Le 29 février 2024, HARMONIE HABITAT a fait délivrer à la locataire un commandement de payer visant la clause résolutoire du bail et l’article 24 de la loi du 6 juillet 1989, la mettant en demeure d’avoir à régler la somme principale de 1.632,67 € au titre des loyers et charges échus et impayés au 27 février 2024.

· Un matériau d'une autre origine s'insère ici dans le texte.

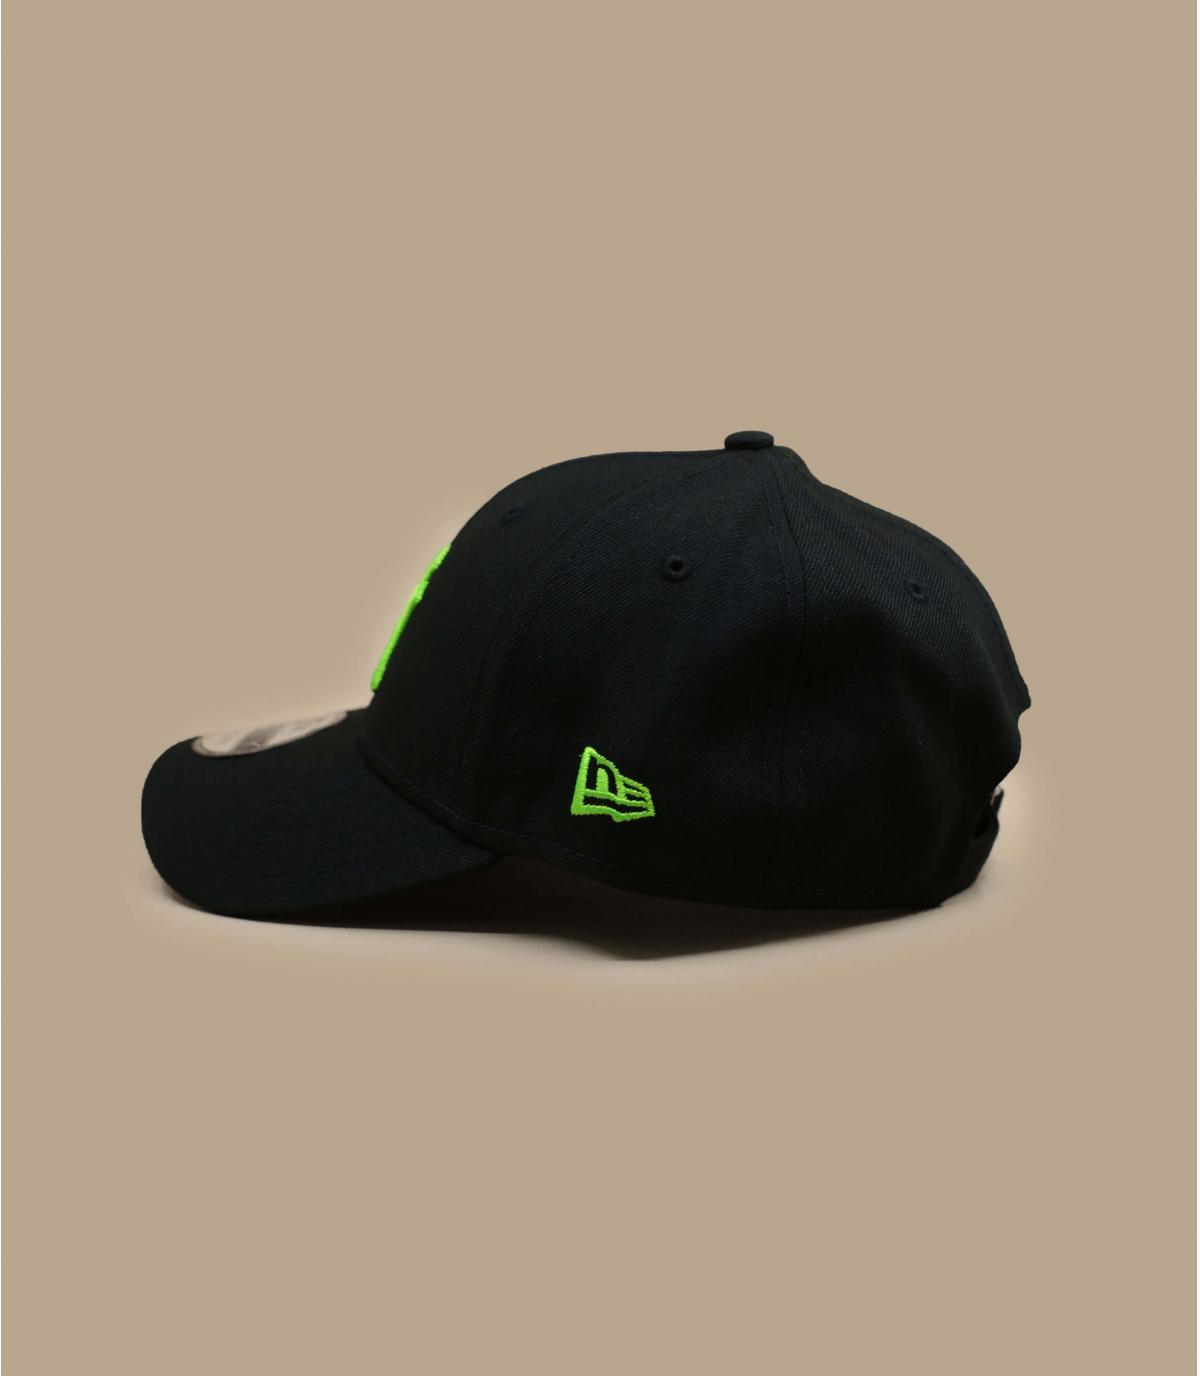 Details Neon Pack NY 940 black green - Abbildung 3

Par acte de commissaire de justice du 30 juillet 2024, notifié au représentant de l’Etat dans le département le 1er août 2024, HARMONIE HABITAT a fait assigner Madame [U] [S] devant le Juge des Contentieux de la Protection du Tribunal Judiciaire de NANTES, afin de voir, sous le bénéfice de l’exécution provisoire :
— déclarer recevable et bien fondée ses demandes ;
— constater la résiliation du bail signé le 07/01/2011 entre les parties ;
— à titre subsidiaire, et dans l’hypothèse où il ne serait pas fait droit à la demande tendant à constater la résiliation du contrat de bail en application de la clause résolutoire, prononcer la résiliation judiciaire du bail signé le 07/01/2011 entre les parties, pour non-paiement des loyers et charges ;
En toutes hypothèses,
— ordonner l’expulsion de Madame [U] [S], ainsi que de tous occupants de son chef, avec au besoin l’assistance de la force publique et d’un serrurier, selon les modalités et délais prévus par la loi ;
— autoriser le transport des meubles et objets mobiliers pouvant se trouver dans les lieux et leur transfert au garde meuble aux frais et risques du locataire selon les dispositions prévues par la loi ;
— condamner Madame [U] [S] à payer à HARMONIE HABITAT la somme de 1.237,33 € correspondant aux loyers, charges et indemnités d’occupation échus et impayés au 22 juillet 2024, avec intérêts au taux légal à compter de l’assignation, somme à parfaire au jour de l’audience ;
— condamner Madame [U] [S] à payer à HARMONIE HABITAT une indemnité d’occupation égale au dernier loyer en cours, outre les charges, soit la somme mensuelle de 433,15 € à compter de la date d’audience et ce, jusqu’à la libération effective des lieux ;
— condamner Madame [U] [S] à payer à HARMONIE HABITAT la somme de 1.000 € en application de l’article 700 du Code de procédure civile ;
— condamner Madame [U] [S] aux entiers dépens y compris le coût du commandement de payer, de l’assignation et de la notification à la préfecture.
L’affaire a été appelée et retenue à l’audience du 14 novembre 2024, lors de laquelle la société HARMONIE HABITAT, valablement représentée par Monsieur [Y] [W] muni d’un mandat en ce sens, a réitéré les termes de son acte introductif d’instance et actualisé sa créance à la somme de 943,93 € selon le décompte arrêté au 12 novembre 2024. Elle a par ailleurs précisé que la locataire avait effectué un virement de 600 € au mois de septembre 2024.
Régulièrement assignée à étude, Madame [U] [S] n’a pas comparu et ne s’est pas faite représenter.
La locataire ne s’étant pas présentée aux rendez-vous qui lui ont été proposés, aucun diagnostic social et financier n’a pu être établi par les services sociaux, lesquels n’ont transmis que les seules observations du bailleur.
La décision a été mise en délibéré au 26 décembre 2024.
MOTIFS DE LA DÉCISION
L’article 472 du code de procédure civile dispose que “lorsque le défendeur ne comparaît pas, il est néanmoins statué sur le fond et il n’est fait droit à la demande que dans la mesure où elle apparaît régulière, recevable et bien fondée”.
Madame [U] [S] n’ayant pas comparu lors des débats, la présente décision, susceptible d’appel, sera réputée contradictoire en application de l’article 473 du Code de procédure civile.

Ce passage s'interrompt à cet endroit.